Your task =
Nothing but the lines from the line with "Fender SRA 200 manual" through the end of the data is to be copied, and each is to be copied exactly.

Records to process =

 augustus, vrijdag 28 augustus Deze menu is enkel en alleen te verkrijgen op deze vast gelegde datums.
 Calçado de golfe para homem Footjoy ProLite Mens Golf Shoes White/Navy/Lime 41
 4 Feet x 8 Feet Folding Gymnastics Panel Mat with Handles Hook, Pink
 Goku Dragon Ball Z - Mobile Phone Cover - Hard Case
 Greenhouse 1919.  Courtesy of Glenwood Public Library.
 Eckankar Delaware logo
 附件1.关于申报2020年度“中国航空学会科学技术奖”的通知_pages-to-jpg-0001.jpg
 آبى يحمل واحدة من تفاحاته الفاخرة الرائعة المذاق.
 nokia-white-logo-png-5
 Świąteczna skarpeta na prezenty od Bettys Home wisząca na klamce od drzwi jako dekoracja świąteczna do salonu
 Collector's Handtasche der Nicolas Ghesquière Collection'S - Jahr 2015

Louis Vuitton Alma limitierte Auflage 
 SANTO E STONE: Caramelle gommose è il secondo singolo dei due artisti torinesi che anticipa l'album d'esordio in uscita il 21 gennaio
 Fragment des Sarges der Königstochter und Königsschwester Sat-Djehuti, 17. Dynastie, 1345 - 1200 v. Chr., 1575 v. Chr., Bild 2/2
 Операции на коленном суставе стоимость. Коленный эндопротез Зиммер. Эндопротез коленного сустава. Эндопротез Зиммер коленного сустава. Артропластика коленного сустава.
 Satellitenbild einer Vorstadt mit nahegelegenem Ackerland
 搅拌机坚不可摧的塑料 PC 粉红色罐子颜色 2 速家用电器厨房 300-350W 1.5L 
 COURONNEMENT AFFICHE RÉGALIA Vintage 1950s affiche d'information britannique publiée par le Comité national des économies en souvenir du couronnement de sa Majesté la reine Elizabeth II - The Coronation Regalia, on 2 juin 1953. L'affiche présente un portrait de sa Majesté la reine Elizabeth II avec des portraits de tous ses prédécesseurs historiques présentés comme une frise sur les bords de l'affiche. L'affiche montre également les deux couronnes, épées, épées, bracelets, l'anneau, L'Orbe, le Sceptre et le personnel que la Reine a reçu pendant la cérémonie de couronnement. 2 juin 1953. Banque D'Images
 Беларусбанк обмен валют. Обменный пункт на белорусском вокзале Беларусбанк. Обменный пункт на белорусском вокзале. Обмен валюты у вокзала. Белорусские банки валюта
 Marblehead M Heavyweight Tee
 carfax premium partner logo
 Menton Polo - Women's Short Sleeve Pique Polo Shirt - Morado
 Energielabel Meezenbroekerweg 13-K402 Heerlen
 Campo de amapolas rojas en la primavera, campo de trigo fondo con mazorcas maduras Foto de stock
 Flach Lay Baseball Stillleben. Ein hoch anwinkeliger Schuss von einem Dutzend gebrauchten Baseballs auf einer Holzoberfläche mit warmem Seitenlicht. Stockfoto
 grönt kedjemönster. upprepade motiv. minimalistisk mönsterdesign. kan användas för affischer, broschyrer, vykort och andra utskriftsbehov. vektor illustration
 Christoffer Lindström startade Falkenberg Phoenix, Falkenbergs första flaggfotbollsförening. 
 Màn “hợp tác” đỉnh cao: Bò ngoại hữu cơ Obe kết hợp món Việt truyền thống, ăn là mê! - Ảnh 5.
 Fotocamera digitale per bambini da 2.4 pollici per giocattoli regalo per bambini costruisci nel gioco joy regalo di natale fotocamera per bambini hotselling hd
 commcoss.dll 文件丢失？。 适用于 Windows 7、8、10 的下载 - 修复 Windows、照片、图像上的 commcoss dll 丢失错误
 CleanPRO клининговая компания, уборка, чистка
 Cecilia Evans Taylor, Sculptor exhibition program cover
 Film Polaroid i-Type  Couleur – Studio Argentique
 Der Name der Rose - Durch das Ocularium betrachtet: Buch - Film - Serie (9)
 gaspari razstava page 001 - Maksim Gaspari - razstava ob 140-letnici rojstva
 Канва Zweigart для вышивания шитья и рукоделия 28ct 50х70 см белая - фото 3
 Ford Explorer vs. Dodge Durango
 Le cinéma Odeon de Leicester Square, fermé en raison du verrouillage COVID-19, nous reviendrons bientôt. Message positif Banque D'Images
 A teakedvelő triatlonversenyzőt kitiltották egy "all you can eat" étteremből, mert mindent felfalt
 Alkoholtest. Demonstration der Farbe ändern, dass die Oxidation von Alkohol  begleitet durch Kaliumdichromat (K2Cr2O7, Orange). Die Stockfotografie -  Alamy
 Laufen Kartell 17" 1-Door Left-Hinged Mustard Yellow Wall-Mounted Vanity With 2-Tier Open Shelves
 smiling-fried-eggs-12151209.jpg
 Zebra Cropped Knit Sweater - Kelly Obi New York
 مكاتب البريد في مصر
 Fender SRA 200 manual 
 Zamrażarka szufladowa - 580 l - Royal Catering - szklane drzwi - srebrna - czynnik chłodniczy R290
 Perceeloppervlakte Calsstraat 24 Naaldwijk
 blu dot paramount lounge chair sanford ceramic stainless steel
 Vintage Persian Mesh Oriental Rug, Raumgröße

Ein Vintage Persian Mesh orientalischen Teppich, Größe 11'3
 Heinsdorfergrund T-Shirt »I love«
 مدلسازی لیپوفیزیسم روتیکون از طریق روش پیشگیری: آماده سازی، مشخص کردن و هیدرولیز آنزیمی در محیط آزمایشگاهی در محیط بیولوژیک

Answer to this task =
 Fender SRA 200 manual 
 Zamrażarka szufladowa - 580 l - Royal Catering - szklane drzwi - srebrna - czynnik chłodniczy R290
 Perceeloppervlakte Calsstraat 24 Naaldwijk
 blu dot paramount lounge chair sanford ceramic stainless steel
 Vintage Persian Mesh Oriental Rug, Raumgröße

Ein Vintage Persian Mesh orientalischen Teppich, Größe 11'3
 Heinsdorfergrund T-Shirt »I love«
 مدلسازی لیپوفیزیسم روتیکون از طریق روش پیشگیری: آماده سازی، مشخص کردن و هیدرولیز آنزیمی در محیط آزمایشگاهی در محیط بیولوژیک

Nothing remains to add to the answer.